§ Work instructions: Output the complete listing exactly, please, and keep the pictures out of it.

§ Supplied data:
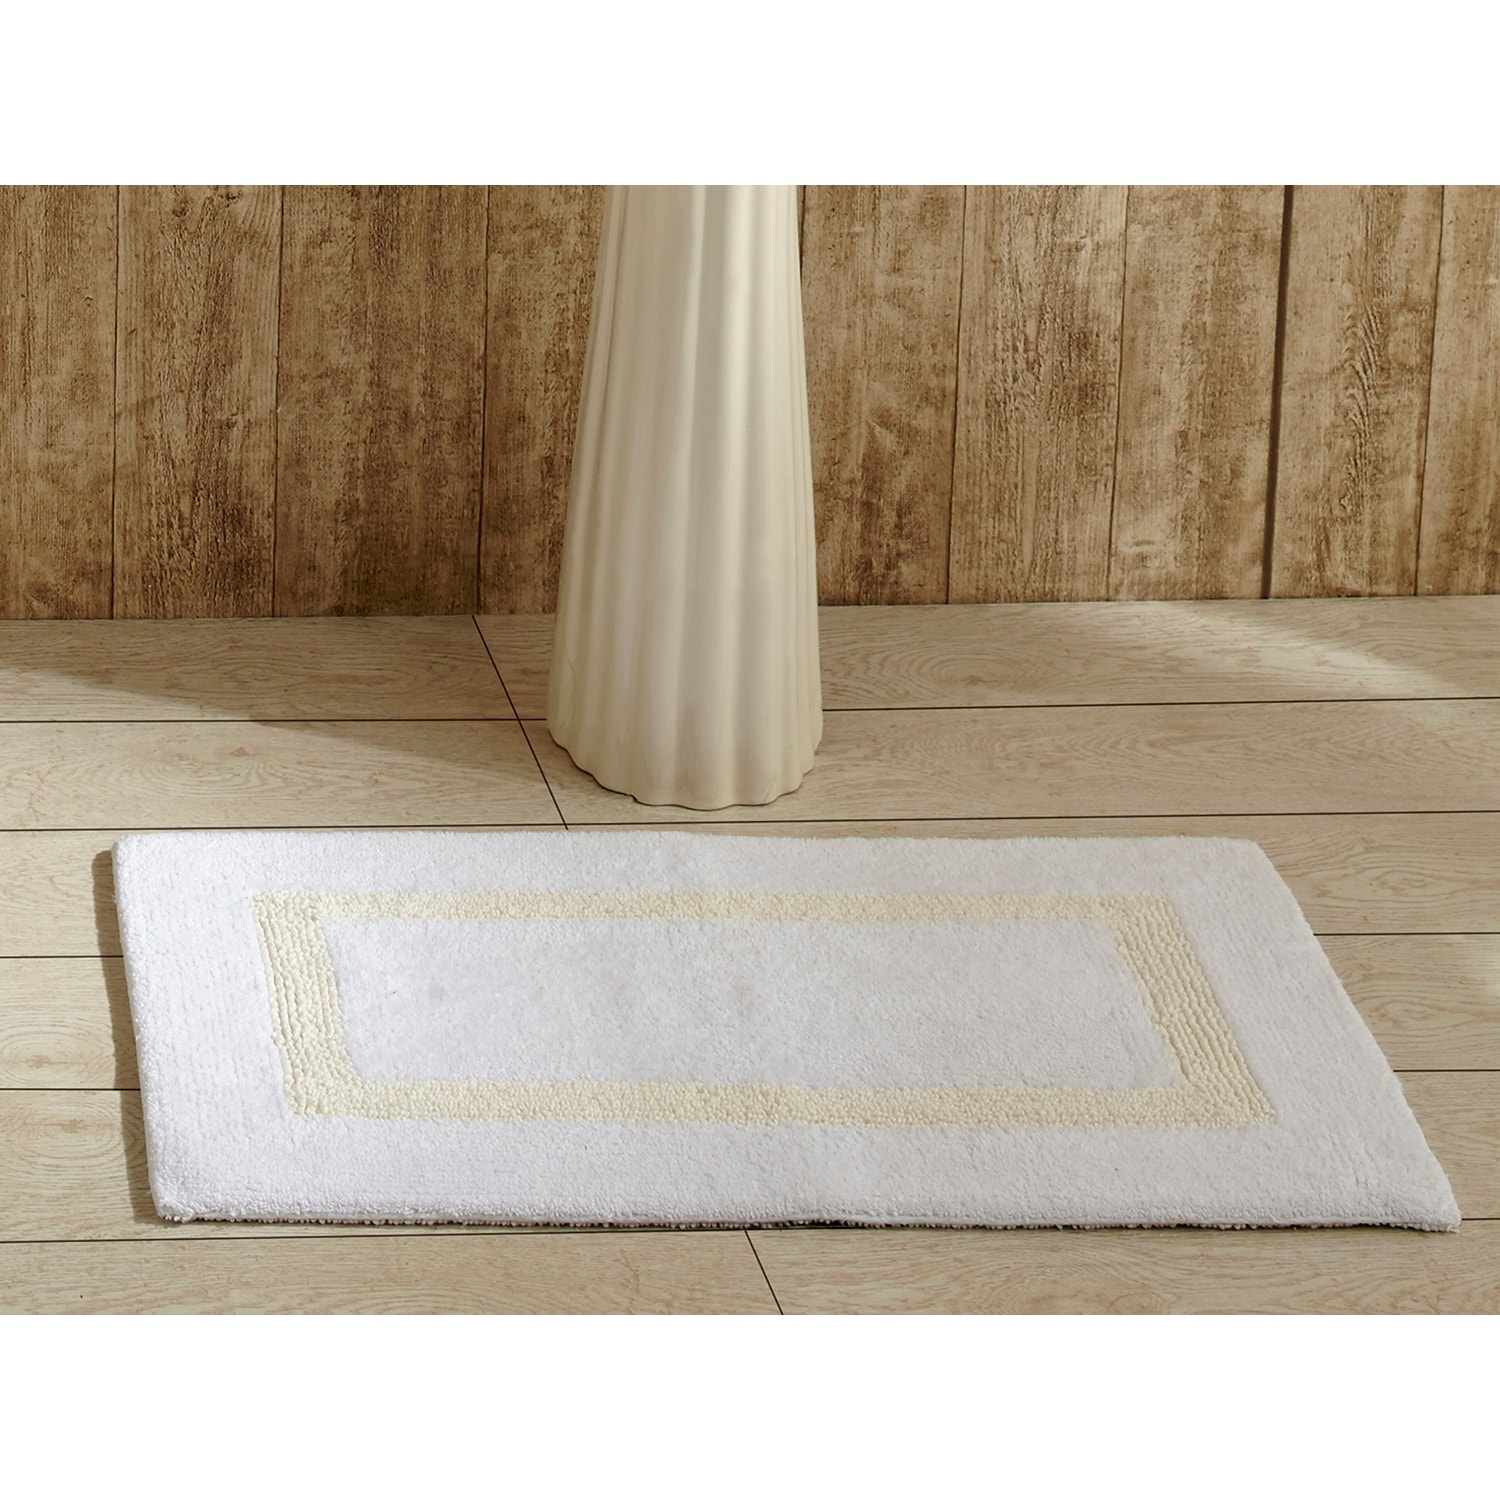 Shaggy Chenille Bathroom Rug, Non Slip Thick, Soft Bath Mats for Bathroom  Extra Absorbent Floor Mats Bath Rugs Set for Kitchen/Living Room (Set of 2,  20 x 32/17 x 24, Dove) 
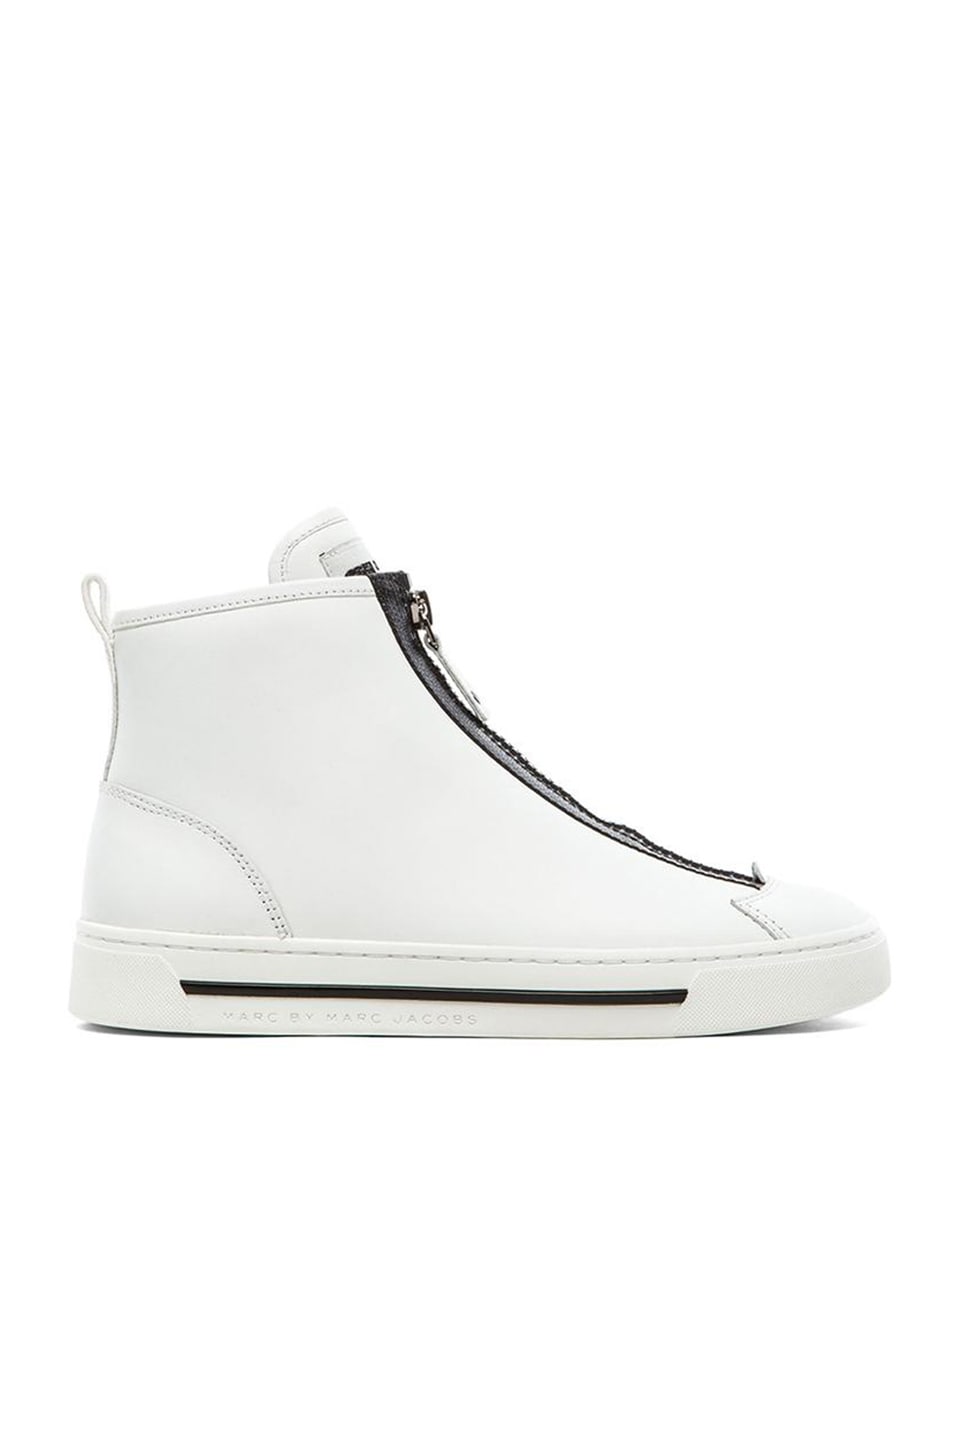 Marc by Marc Jacobs Calf Sneaker in White | REVOLVE
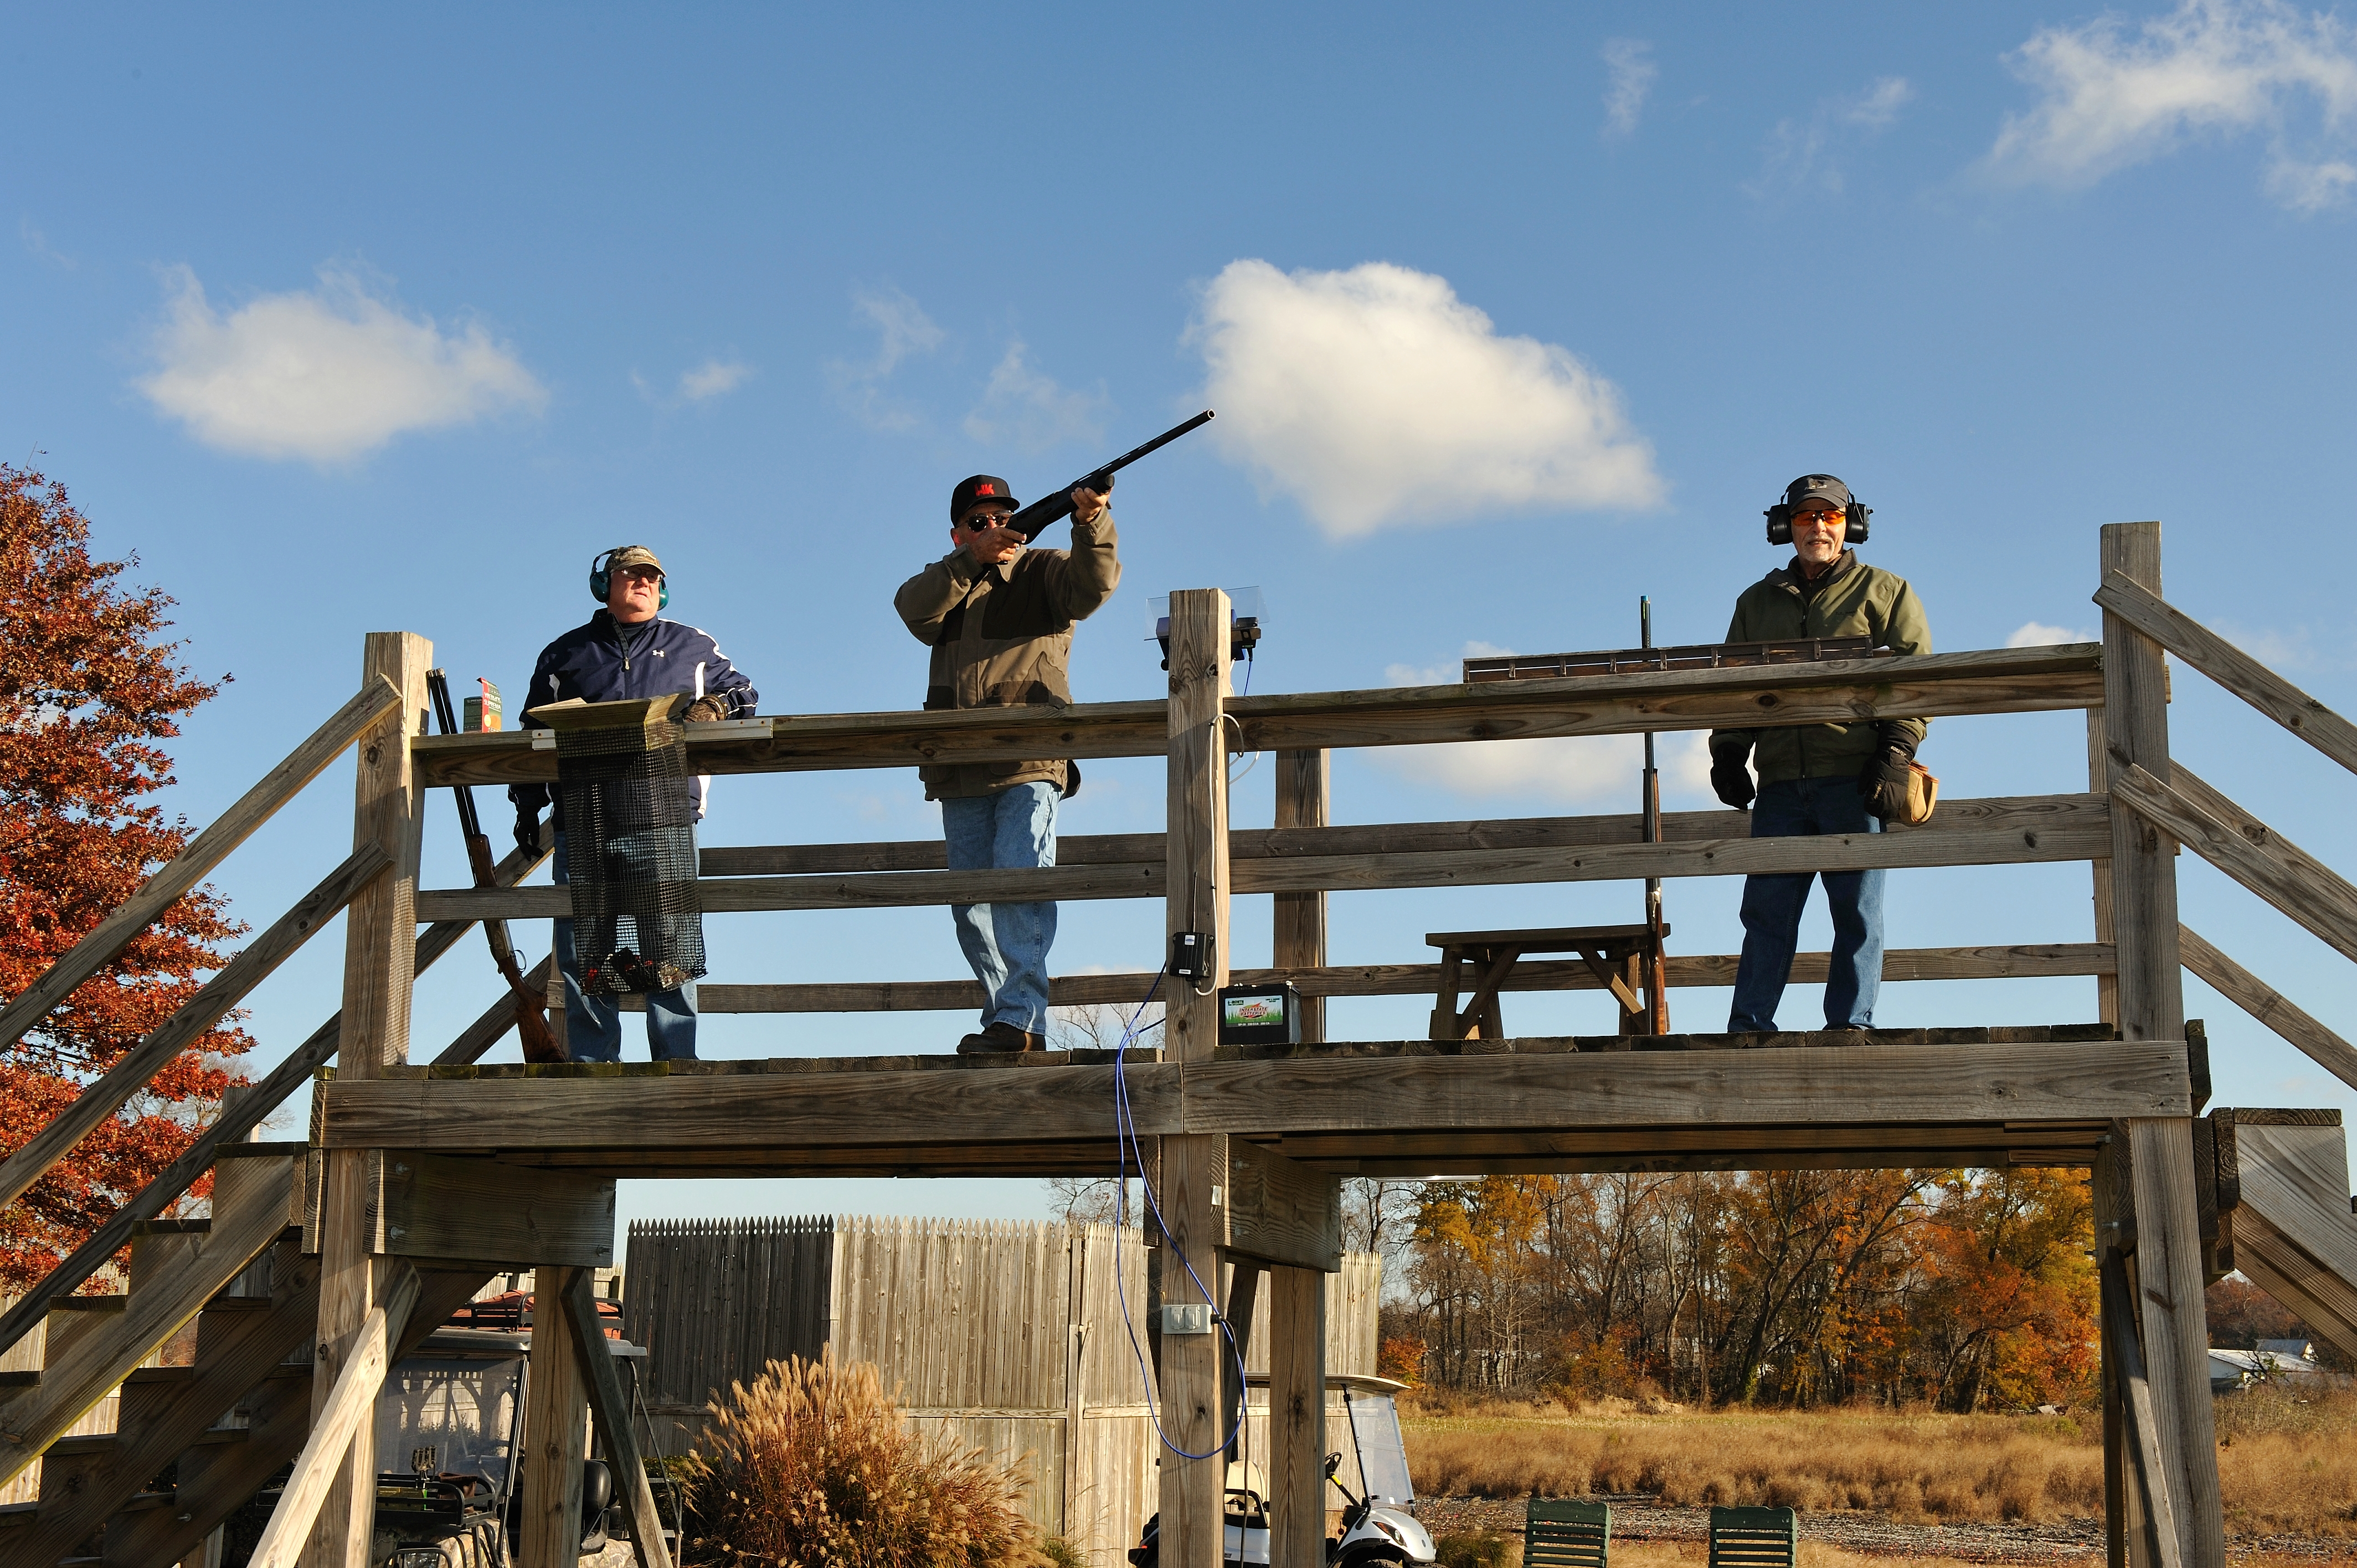 Sporting Clays group

§ Response area:
 Shaggy Chenille Bathroom Rug, Non Slip Thick, Soft Bath Mats for Bathroom  Extra Absorbent Floor Mats Bath Rugs Set for Kitchen/Living Room (Set of 2,  20 x 32/17 x 24, Dove) 
 Marc by Marc Jacobs Calf Sneaker in White | REVOLVE
 Sporting Clays group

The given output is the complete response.